Results and Discussion

DNAGear regular expression and string manipulation is based on well-developed and optimized classes offered by Java. Nevertheless, it was tested on more than 50 S. aureus sequences for sequence typing and on more than 300 sequences for forward-reverse alignment task. The results were verified manually. In terms of accuracy, they showed a definite accuracy of finding sequences types, and detecting new types and repeats. Additionally, The biologists who tested it, reported no problem in the software so far. Although, the only existing and commercial software (Ridom StaphType) has more graphical features, support database management and offers some other meta-statistical reports, it is closed source and platform dependent. Furthermore, its core sequence typing tasks are similar to DNAGear. On the other hand, DNAGear has the following positive points:

• it is free and open source

• supports automatic alignment of the forward-reverse sequences.

• it is platform independent and is shaped with different installers suitable for different target platforms (Linux, Windows, and MacOS).

• it performs the three major aspects of typing process.

• files are managed in project folders, which can be added, edited, moved, renamed or deleted easily. For example, in addition to adding a sequence file by using the designed tool bar button, the user can add it by dragging and dropping the file from its location on the disk to the sequences folder in the project tree.

It can also be extended very easily because it is built on a set of modules, that are managed by a very good Java modules development environment (NetBeans Platform 7.1), which allows developers to add new features as needed without deep understanding of the code already designed.

Conclusions

A spa typing application has been developed to be freely available to the academic purposes. It finds sequence types, new types, and new repeats in the Staphylococcus aureus sequences. Furthermore, it has a rich and easy-to-use GUI environment which allows users to deal with as many as they want of files managed in projects. It also supports the forward-reverse sequence alignment for sequence assembling task. For portability and installation easiness, the system is built in Java and on top of the NetBeans Platform; therefore, it can run on different machines with different platforms.

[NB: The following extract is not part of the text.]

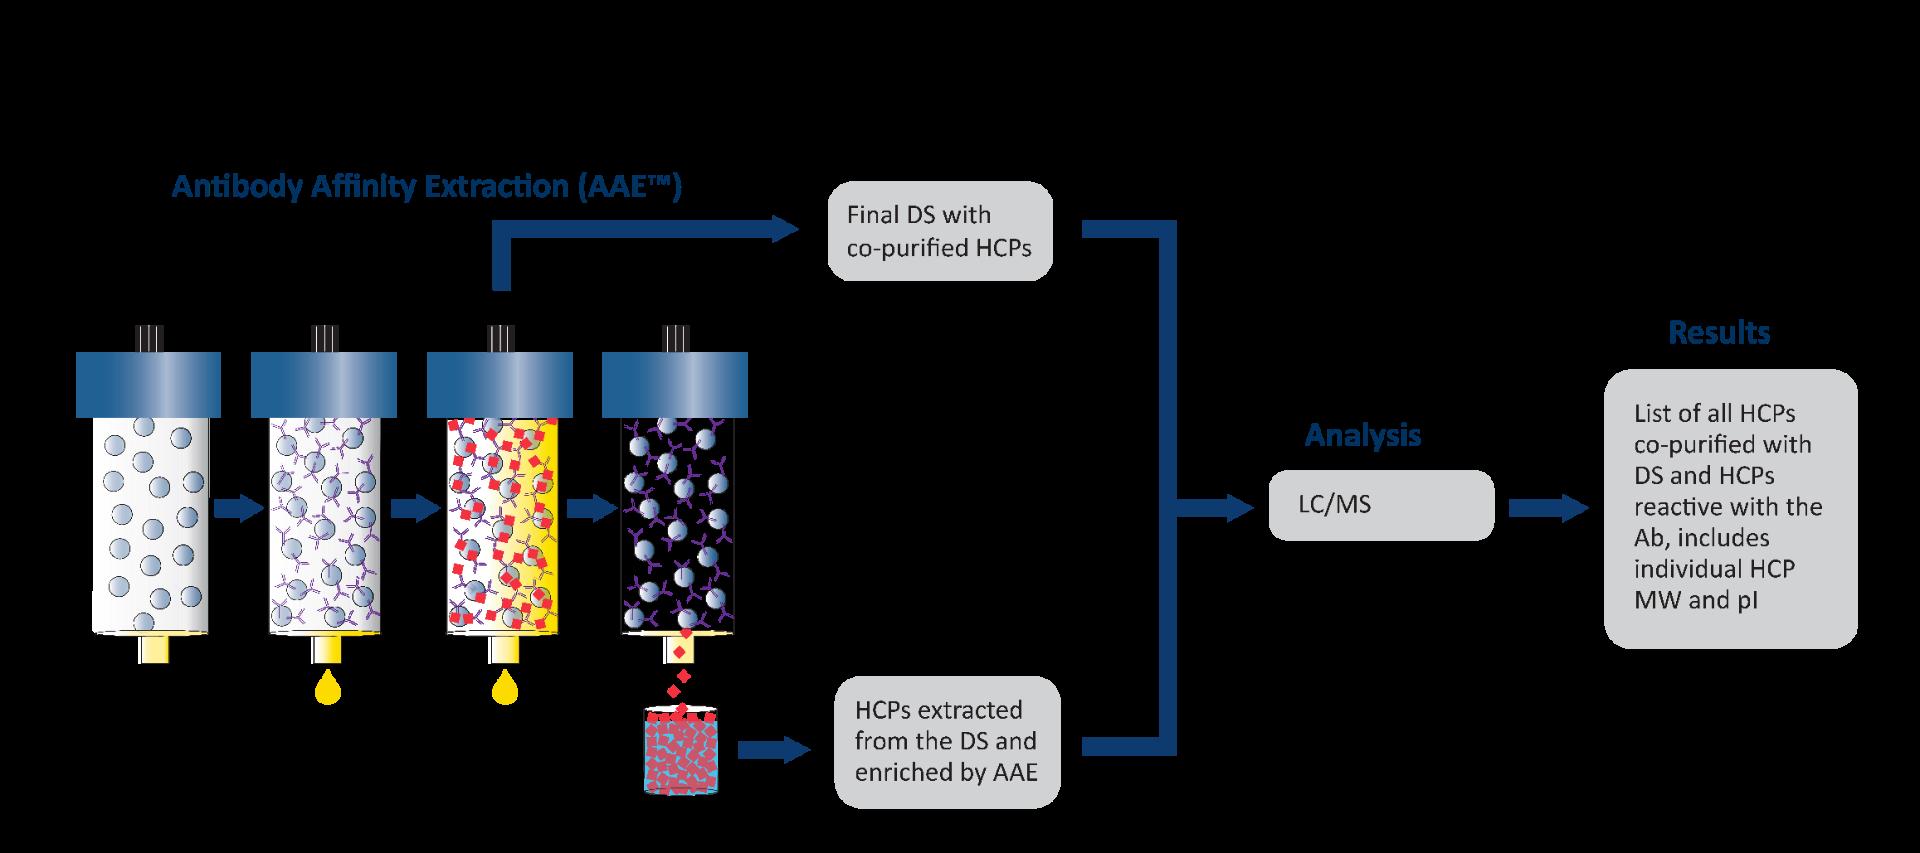 Antibody-Affinity-Extraction_AAE__11-20-02_002_

Availability and requirements

• Project name: DNAGear

• Project home page:http://w3.ualg.pt/hshah/DNAGear/

• Operating system(s): Platform independent

• Programming language: Java and the GUI is designed on top of NetBeans Platform 7.1

• Other requirements: JRE 1.6 or higher

• License: None

• Any restrictions to use by non-academics: None

Additionally, DNAGear has different installers that support the target platform.

Competing interests

The authors declare that, they have no competing interests.

Authors contributions

All authors contributed to the development of DNAGear. AS. Brunel, N. Bouzinbi, P. Corne and AL Bañuls provided the biological background and tested the results during development. H.R Shahbazkia and F. AL-Tam designed and implemented the algorithm and tested the software. All authors read and approved the final manuscript.

Acknowledgements

This work is partially supported by the Erasmus Mundus External Window (EMEW) action 2. We would like also to thank the laboratory of bacteriology (University hospital of Montpellier), and the research unit UMR5119 ECOSYM (University of Montpellier 1) for the technical help, and all the health care workers of the intensive care unit (University hospital of Montpellier, Gui de Chauliac hospital). We thank also the institutions IRD and CNRS for their support. The strain collection used for the development of the software was performed in a project financed by the APARD association.